Шаги. Шёпот. Непереносимая маленькая Вселенная чужого мнения.

Но я шла на лекцию. *** К обеду в кампусе стало шумнее. Коридоры гудели голосами, как улей, который потревожили палкой. Я не была голодна, но идти куда-то ещё не хотелось — хотелось просто затеряться среди людей, спрятаться в их шуме, чтобы не слышать собственные мысли.

Буфет находился на первом этаже. Там всегда было тесно: запах кофе, горячих булочек, макарон, нервные первокурсники, которые боятся упасть лицом в стол прямо на глазах у старших курсов, и группа тех, кто считает себя слишком важными, чтобы стоять в очереди.

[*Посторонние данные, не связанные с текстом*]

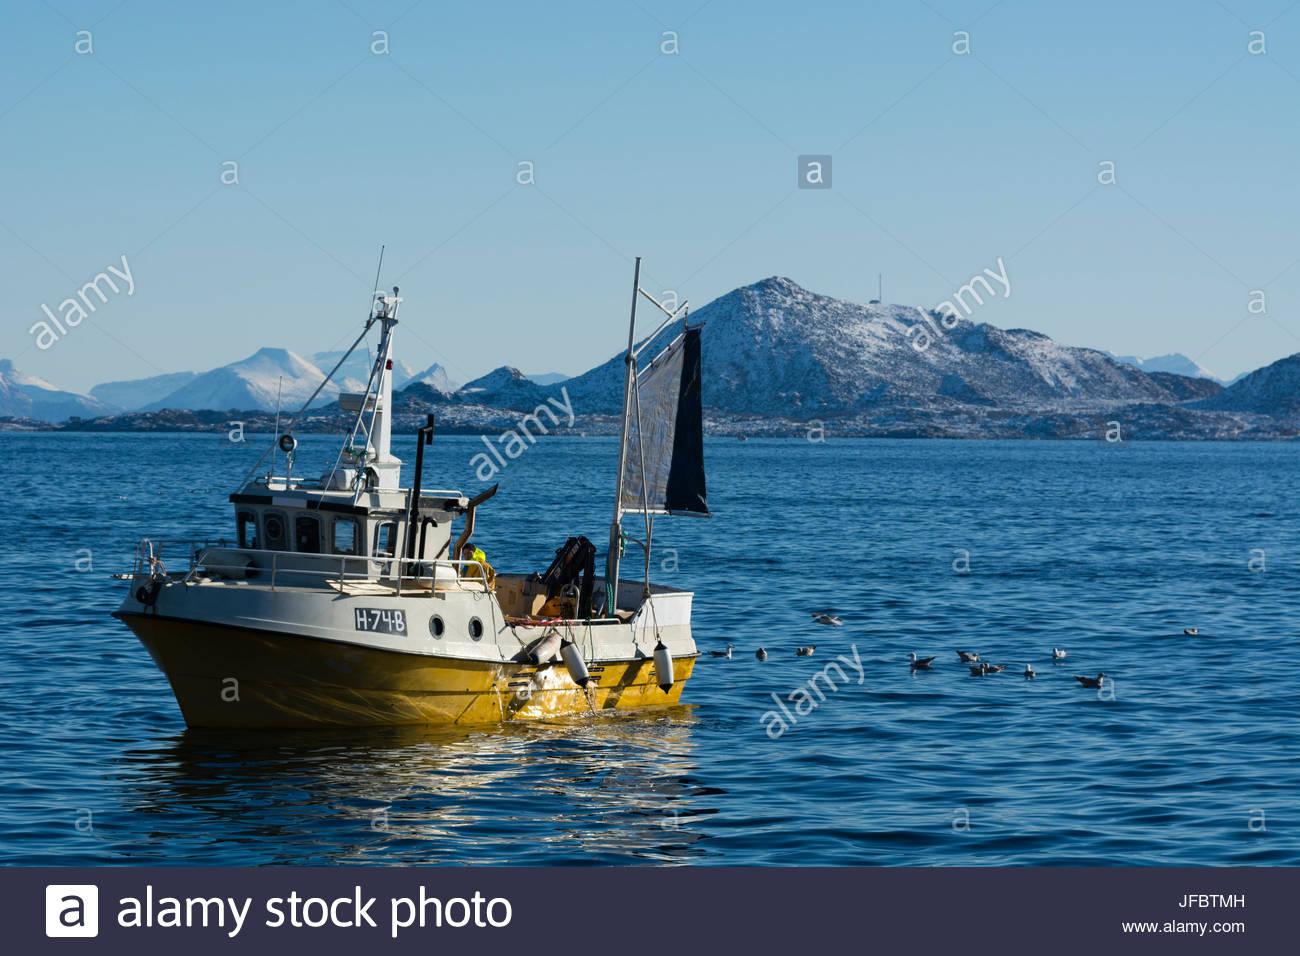 A fishing boat in Svolvaer Bay. - Stock Image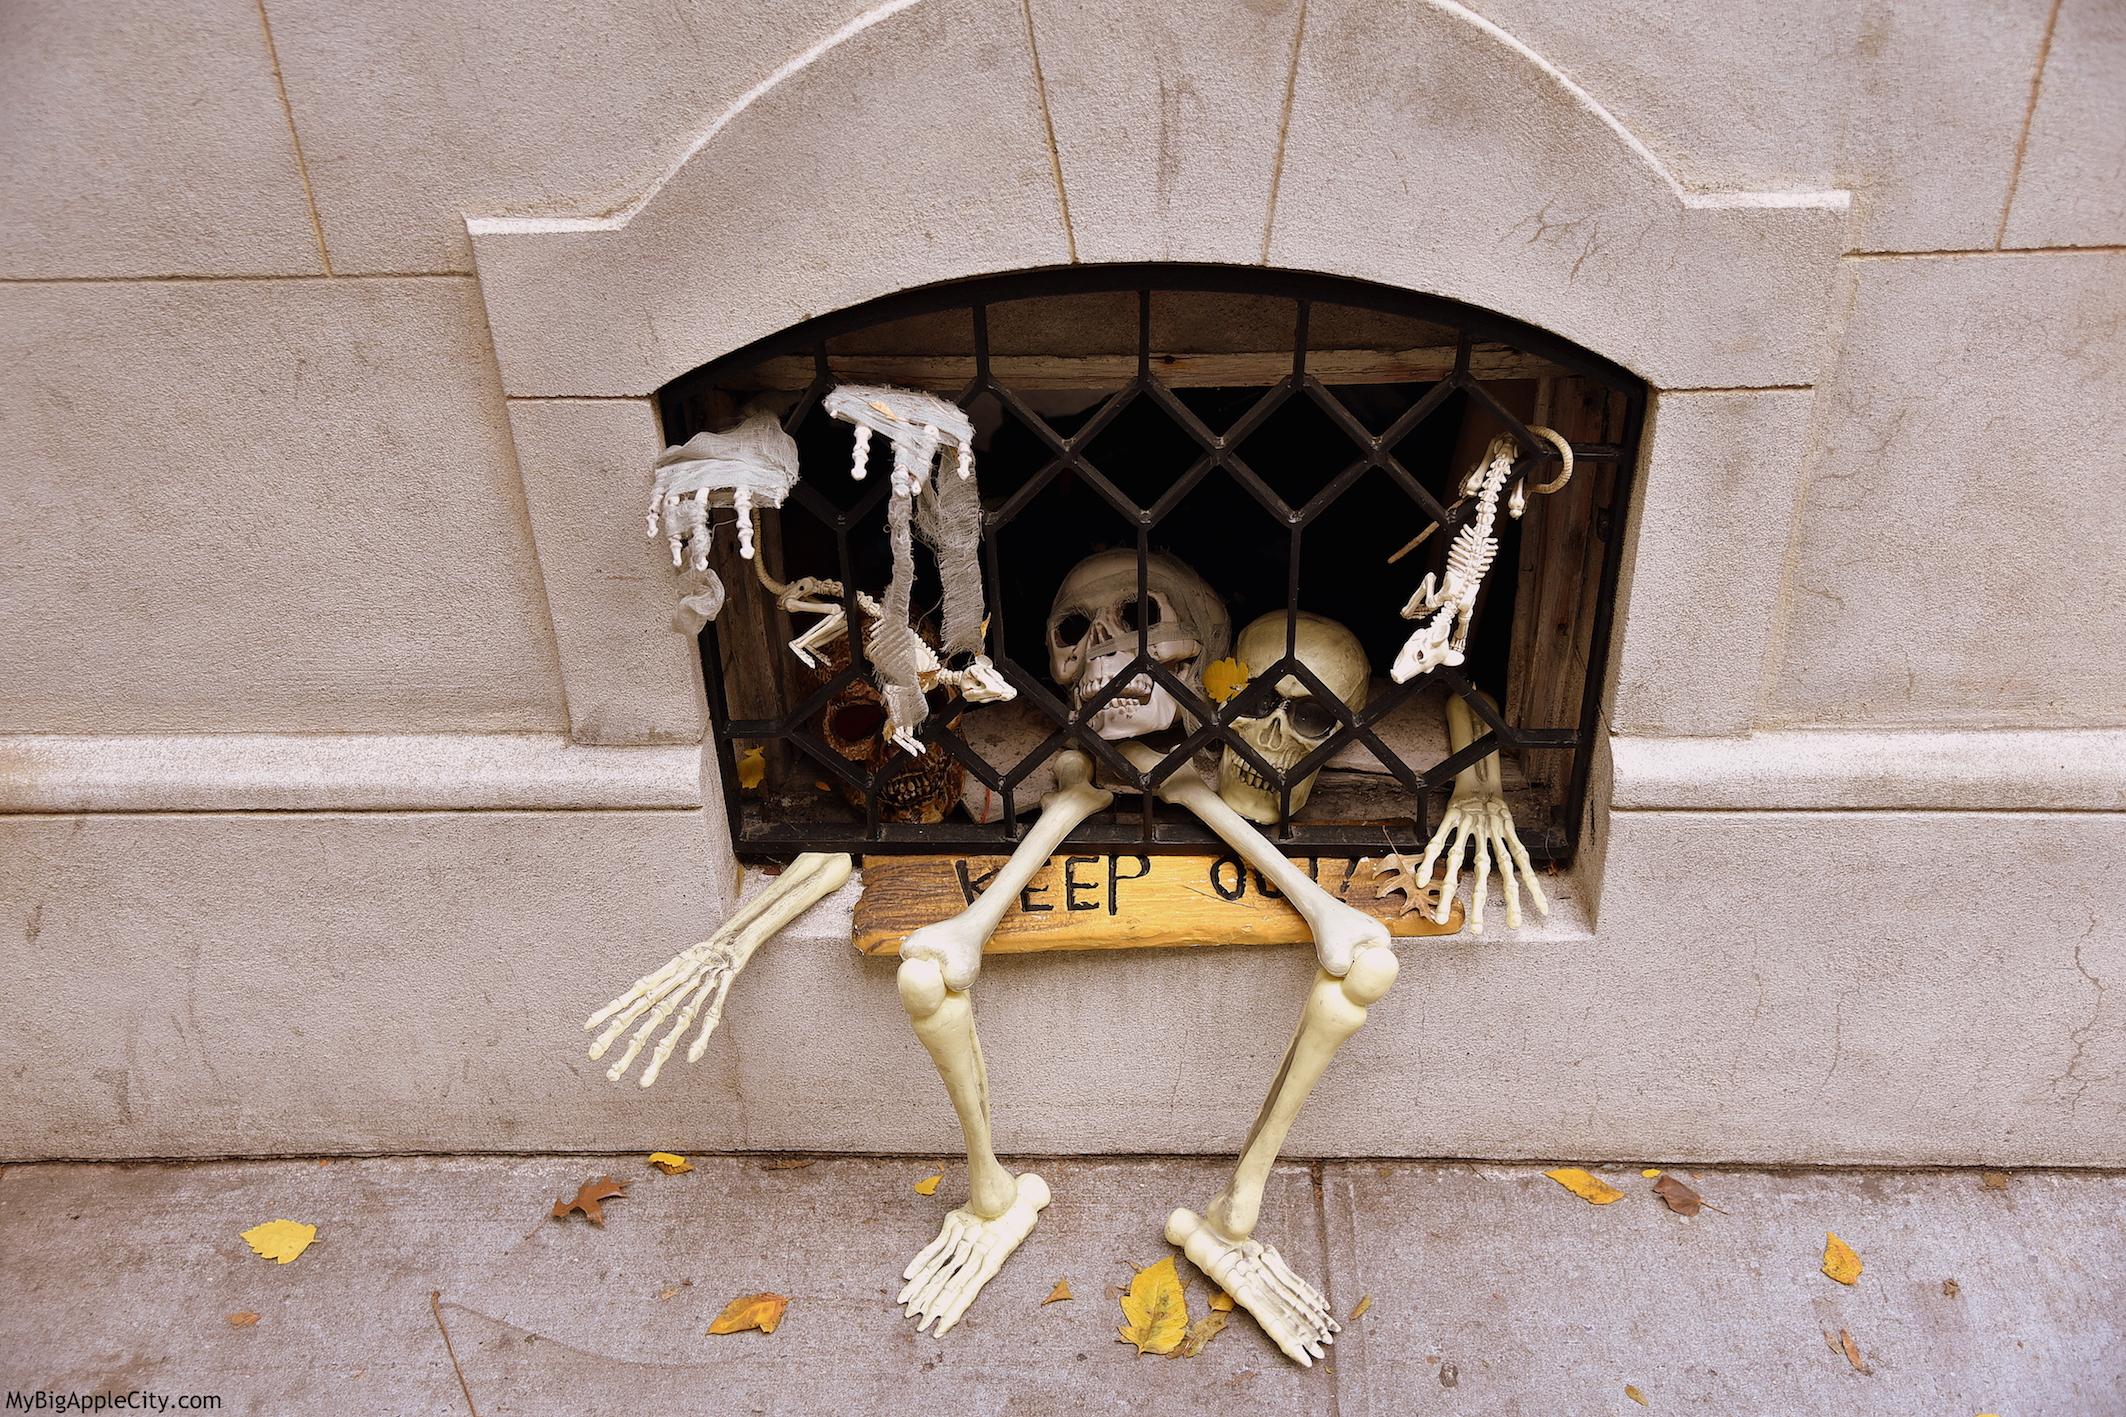 Halloween-NYC-skeleton-houses-travelblog-MyBigAppleCity

Я вошла — и сразу ощутила десятки взглядов. Не долгая оценка. Просто короткое «это она».

Я сделала вид, что не замечаю. Взяла поднос, пластиковый стакан, кофе из автомата, яблоко — ничего лишнего. Место нашла в углу, возле окна, где почти никто не сидел.

Я только сделала глоток — как рядом кто-то поставил свой поднос.

— Можно? — спросил спокойный голос.

Я подняла глаза.

Передо мной стояла девушка. Невысокая, с ярко-рыжими волосами, собранными в свободный пучок. Чистый взгляд. Уверенный. Но не наглый, как у большинства.

Она держалась так, будто это её территория, но ей не нужно никого в этом убеждать.

— Здесь свободно, — ответила я. Не улыбнулась — просто констатировала факт.

Она села.

Не слишком близко. Но достаточно, чтобы дать понять: это не случайность.

Несколько секунд мы ели молча. Она ковыряла вилкой салат, будто что-то обдумывала.

Потом:

— Тебя зовут Рэн, да? — спросила она.

У меня внутри что-то сжалось.

Слишком прямой заход. Слишком уверенный.

— Да, — ответила я осторожно.

Она кивнула, будто уже знала это.

— Я Виджи, — представилась она. — Мы на одном потоке, но на разных направлениях. А так бы ты меня заметила, уверена.

Наглая улыбка — но тёплая. И немного ироничная.

Я молчала. Она спокойно продолжила есть, не напрягая меня вниманием.

— Я слышала… ну… — Виджи лениво взмахнула вилкой. — Всякое. Но ты, наверное, слышала ещё больше.

Я поставила стакан. Слишком аккуратно, как будто боялась пролить.

— Слышала, — коротко ответила я.

Виджи не стала делать вид, что «поняла» или что ей «жаль». Она только кивнула.

— Люди любят чушь. Особенно про тех, кто не похож на них.

Это прозвучало так буднично, будто она обсуждала погоду.

Я не знала, что на это ответить — и ответила честно:

— Не понимаю, почему ты подошла.

Она усмехнулась.

— А я люблю смотреть в лицо тому, что меня интересует.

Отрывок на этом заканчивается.